**Input records**
════

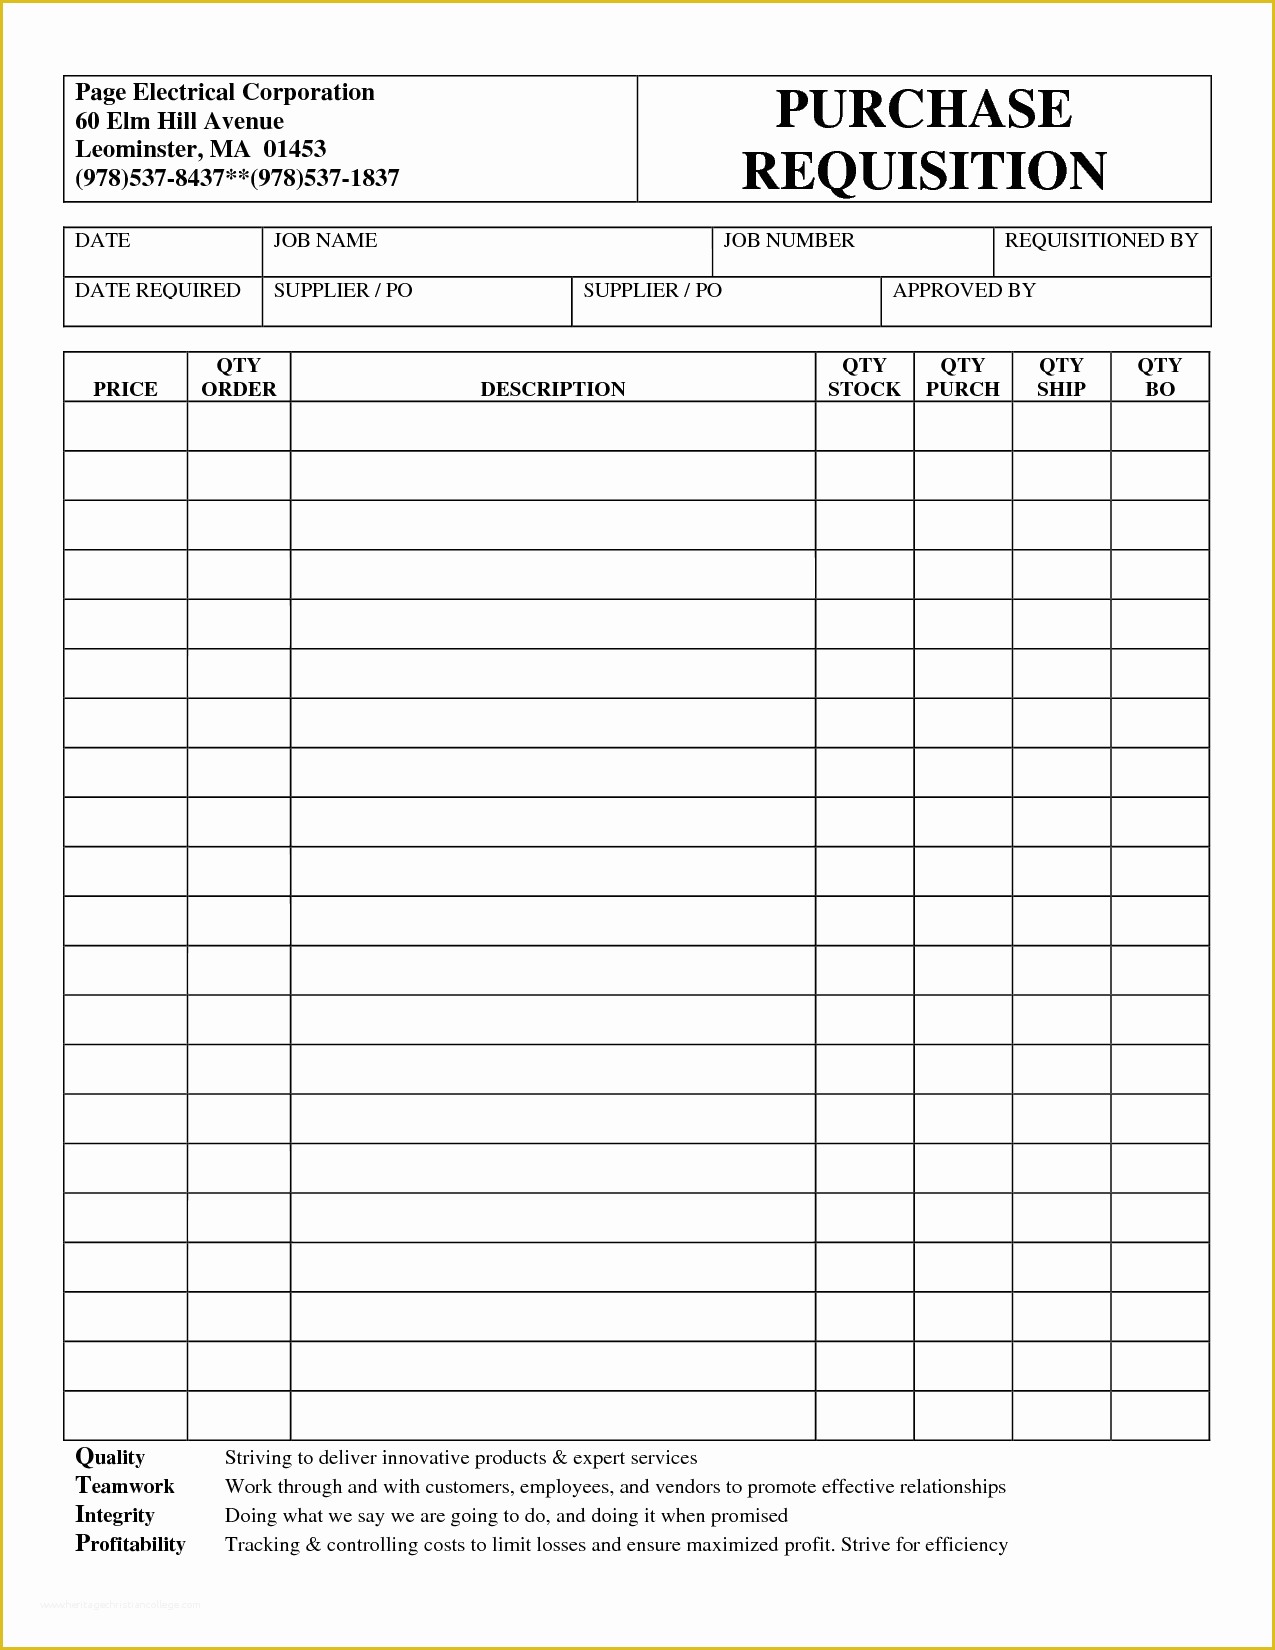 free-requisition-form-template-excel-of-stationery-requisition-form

════

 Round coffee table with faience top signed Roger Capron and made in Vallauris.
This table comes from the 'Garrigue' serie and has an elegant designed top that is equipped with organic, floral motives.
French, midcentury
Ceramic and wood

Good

════

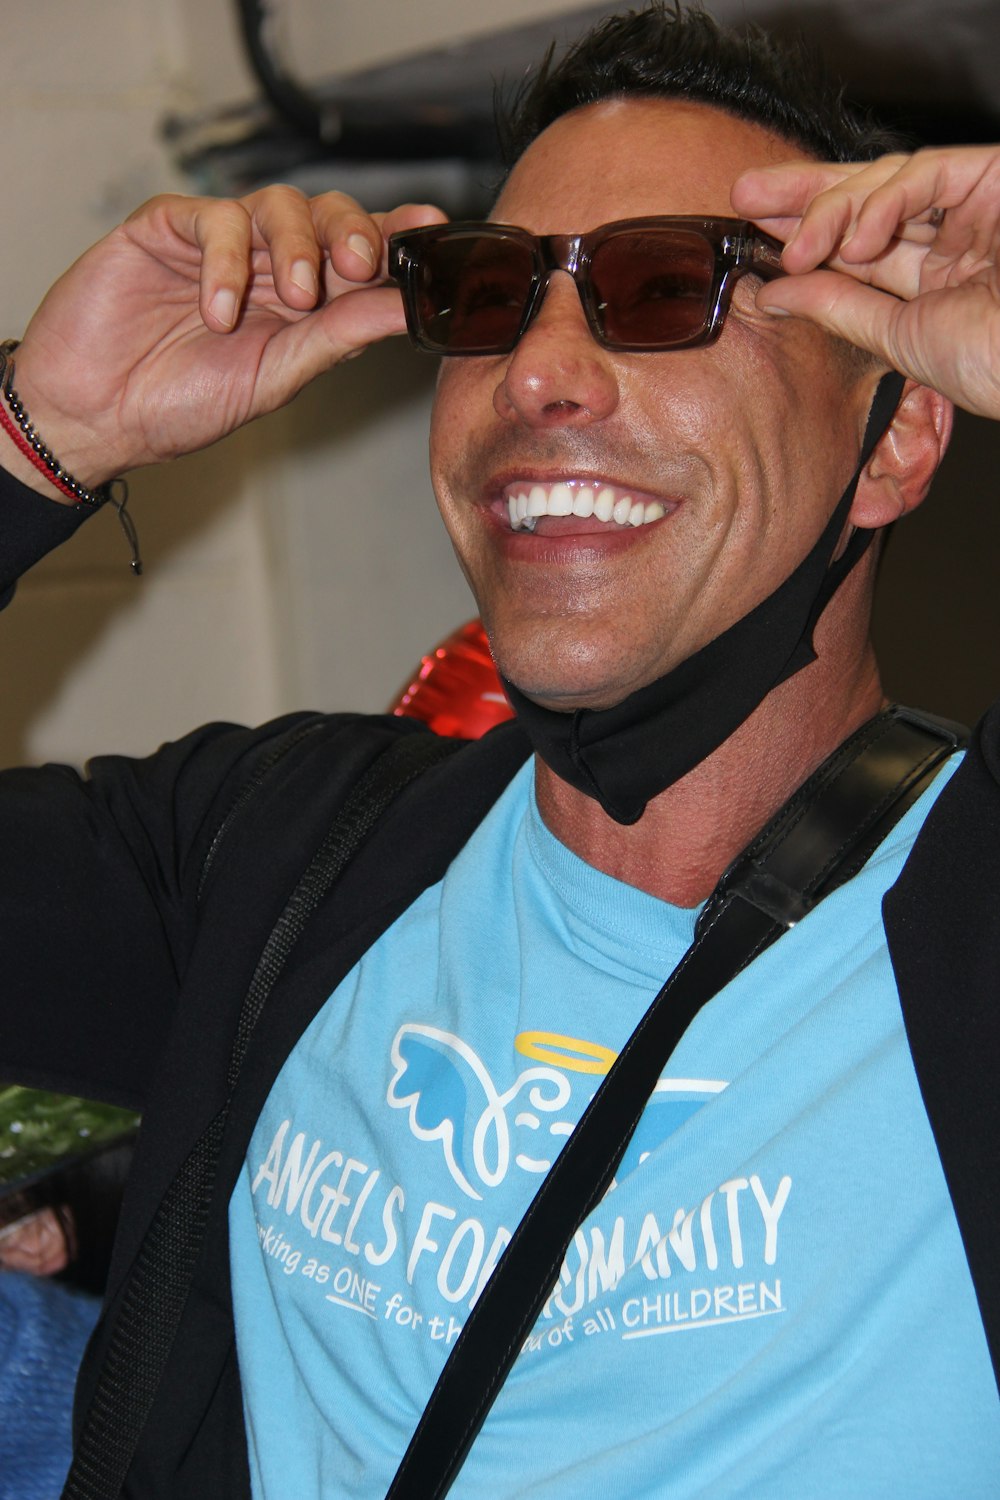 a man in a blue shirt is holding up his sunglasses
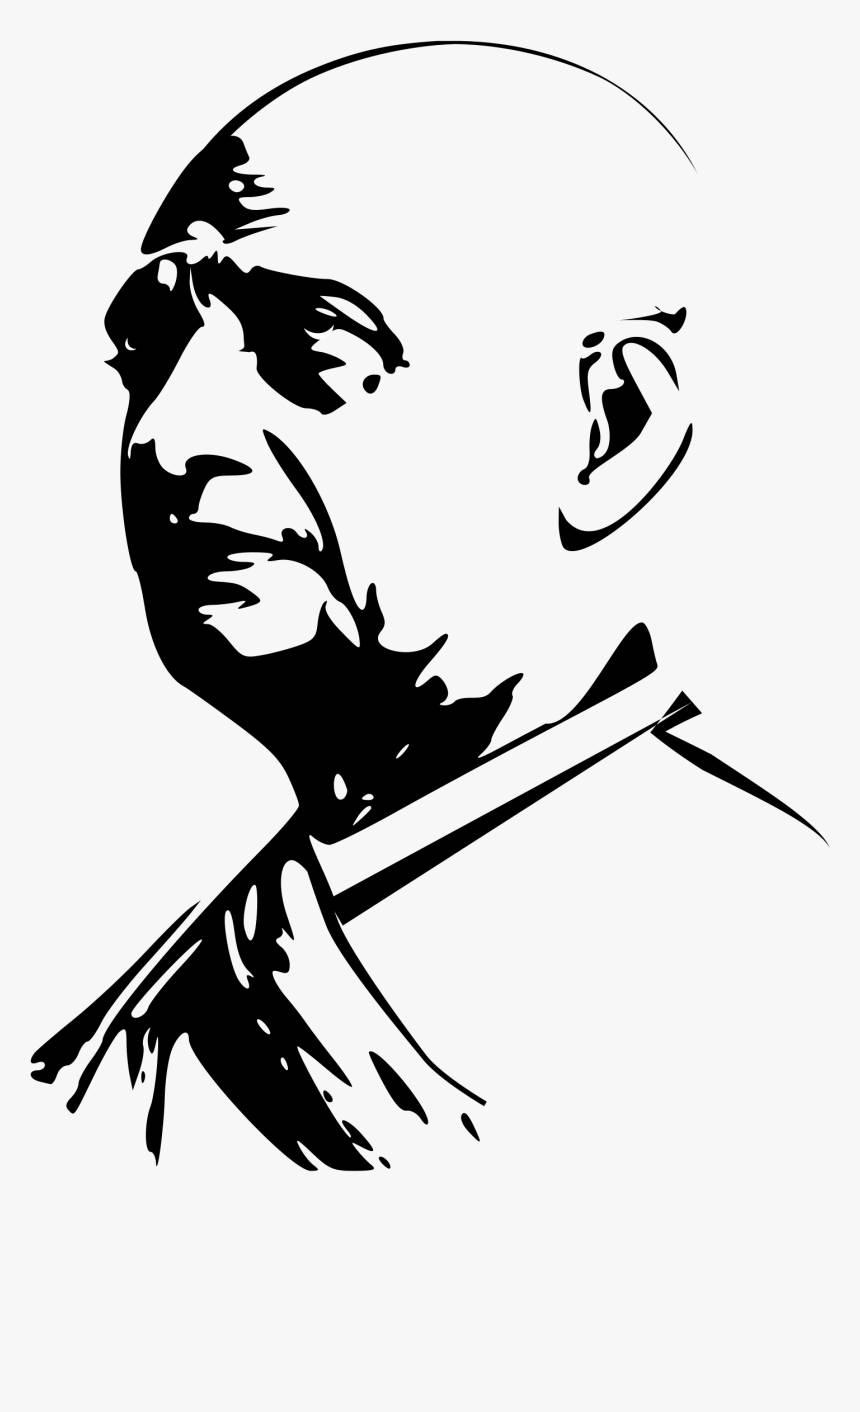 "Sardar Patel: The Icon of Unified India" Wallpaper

════

**Problem**
Your reply should hold every line from the data that contains "with", copied in full.

**Task response**
 Round coffee table with faience top signed Roger Capron and made in Vallauris.
This table comes from the 'Garrigue' serie and has an elegant designed top that is equipped with organic, floral motives.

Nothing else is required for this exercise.